Some regard Wittgenstein as the greatest philosopher of the twentieth century. His early work - the Tractatus Logico-Philosophicus - is fascinating and brilliant in many ways, but his later work - the Philosophical Investigations - involves a completely new and radical approach to philosophical questions. There will be a brief exposition of his earlier work, but only to set the context for a study of the most famous parts of the Investigations; these include Wittgenstein's way with questions in the philosophy of language, philosophy of mind, and the question of what philosophy is, what it achieves. Despite his fame, the impact of the later Wittgenstein on contemporary philosophy is at best moot, and students will be invited to ponder the question of why this is; are the messages too radical, or too vague, or too hard to map on to more conventional philosophy, or ultimately confused, or what?
Course lecturer: Dr Gary Kemp
Lecture hour & venue: see Honours timetable
Teaching resources for this course will be made available on the Philosophy Moodle site.

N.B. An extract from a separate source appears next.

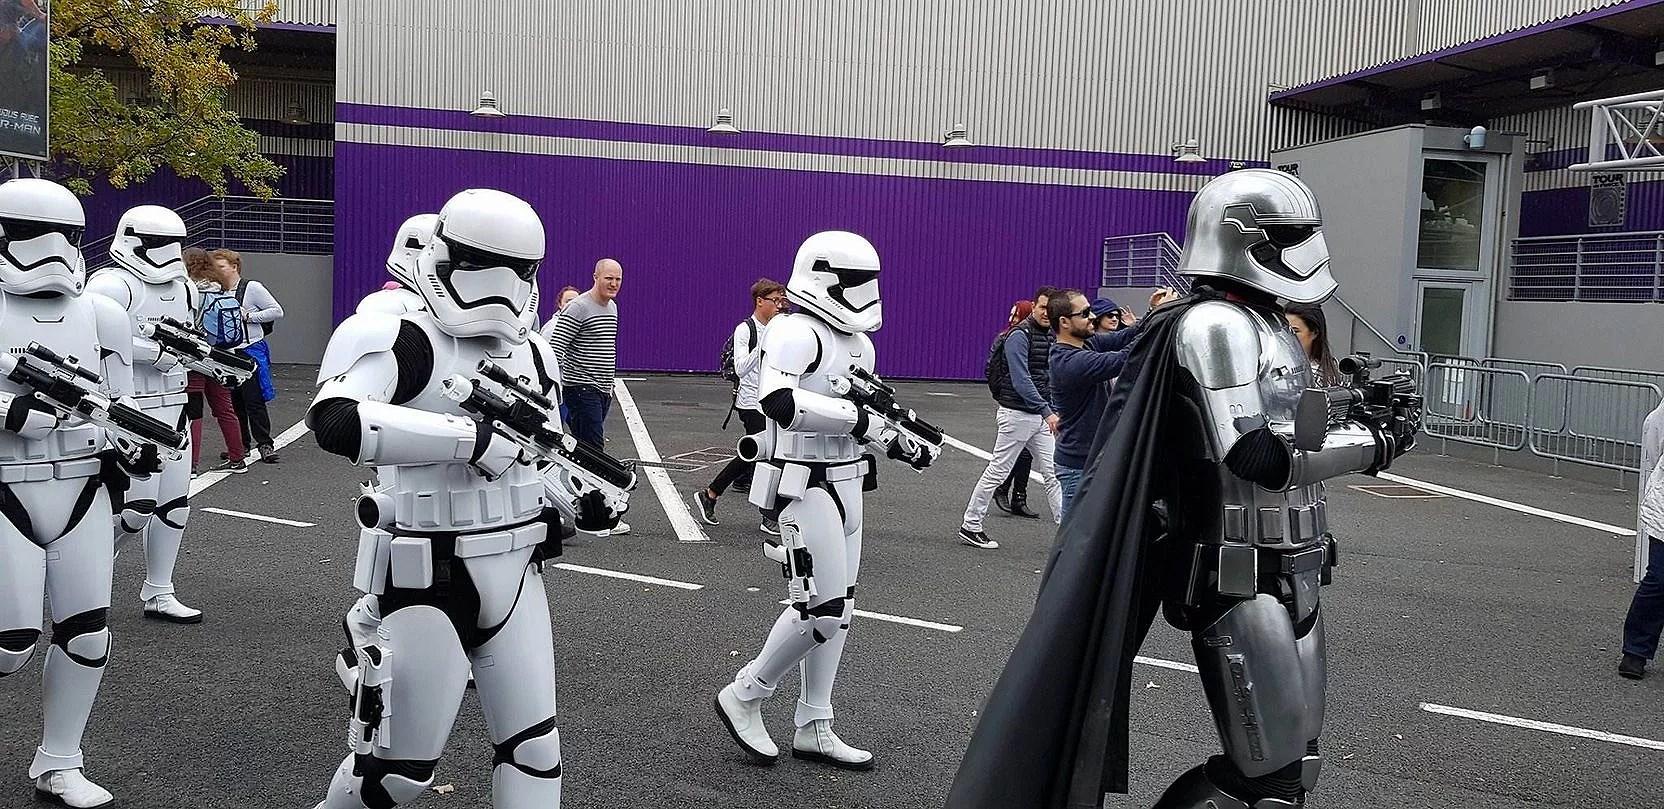 Darth Vader May the Fourth

Intended learning outcomes:
After this course, students should be able to:
- understand, state, and critically assess the main differences between the later Wittgenstein and orthodox philosophy of language represented by his earlier view;
- understand, state, and critically assess the significance of Wittgenstein's discussion of language games and forms of life;
- understand, state, and critically assess such ideas as that of family resemblance, and to specify their roles and importance for Wittgenstein's philosophy;
- understand, state, and critically assess Wittgenstein's discussion of rule-following;
- understand, state, and critically assess Wittgenstein's remarks on private language;
- understand, state, and critically assess the Wittgenstein's remarks on aspect-perception.